Equadex is a digital services company that has spread its business around several axes: software engineering, telecommunications, and computer systems. It is currently developing a Xamarin application called Helpicto that provides a solution to help children with autism to communicate more easily with their environment, based on pictograms and associated keywords.

Equadex partnered with Microsoft to create a strong and innovative project that consists of uploading relevant pictograms in the Helpicto backend and implementing a straightforward image recognition process.

The project was developed by using Xamarin, ASP.NET, Microsoft Azure App Service, Azure SQL Database, and Microsoft Cognitive Services. In this case study, we focused on a specific sub-project related to the Helpicto backend, involving Azure Functions, Azure App Service, and Cognitive Services: how to inject pictures in the Helpicto backend from the Xamarin side as well as from the backend, and using the most efficient way to do it.

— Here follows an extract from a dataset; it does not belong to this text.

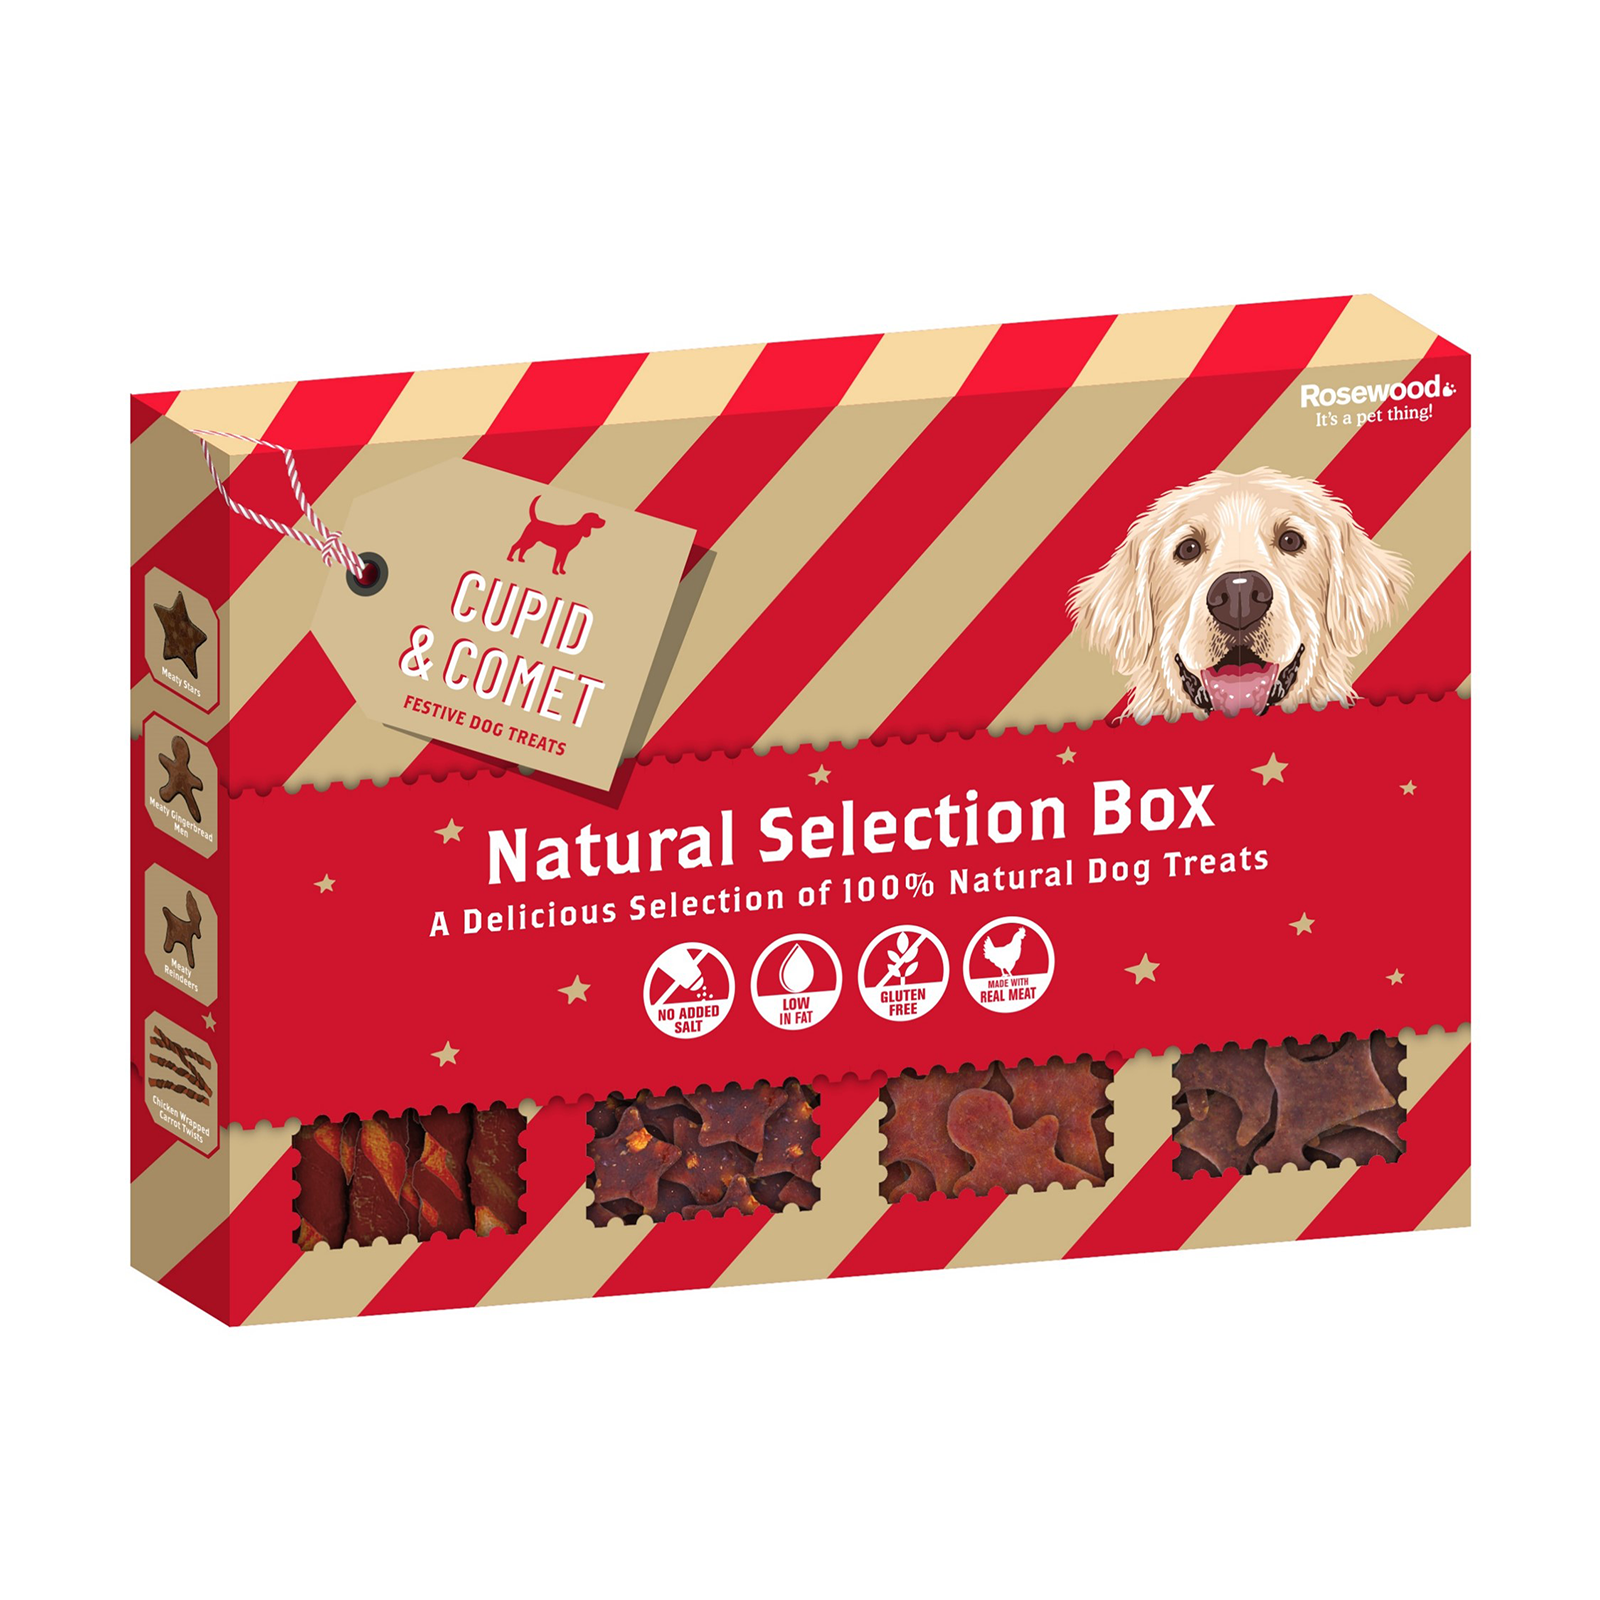 Cupid & Comet Xmas Dog Treat Meaty Selection Gift Box

For the hackfest, the entire team developing Helpicto was involved.

Key technologies used

Core team

Customer profile

Equadex is a French IT engineering company, focusing specifically on software engineering, telecommunications, and computer systems. Over the last few years, the company has grown quickly; when it was created in 2007, the company had only 3 employees compared to 43 today. The head office is located in Toulouse, and a new agency recently opened in Pamiers (Ariège).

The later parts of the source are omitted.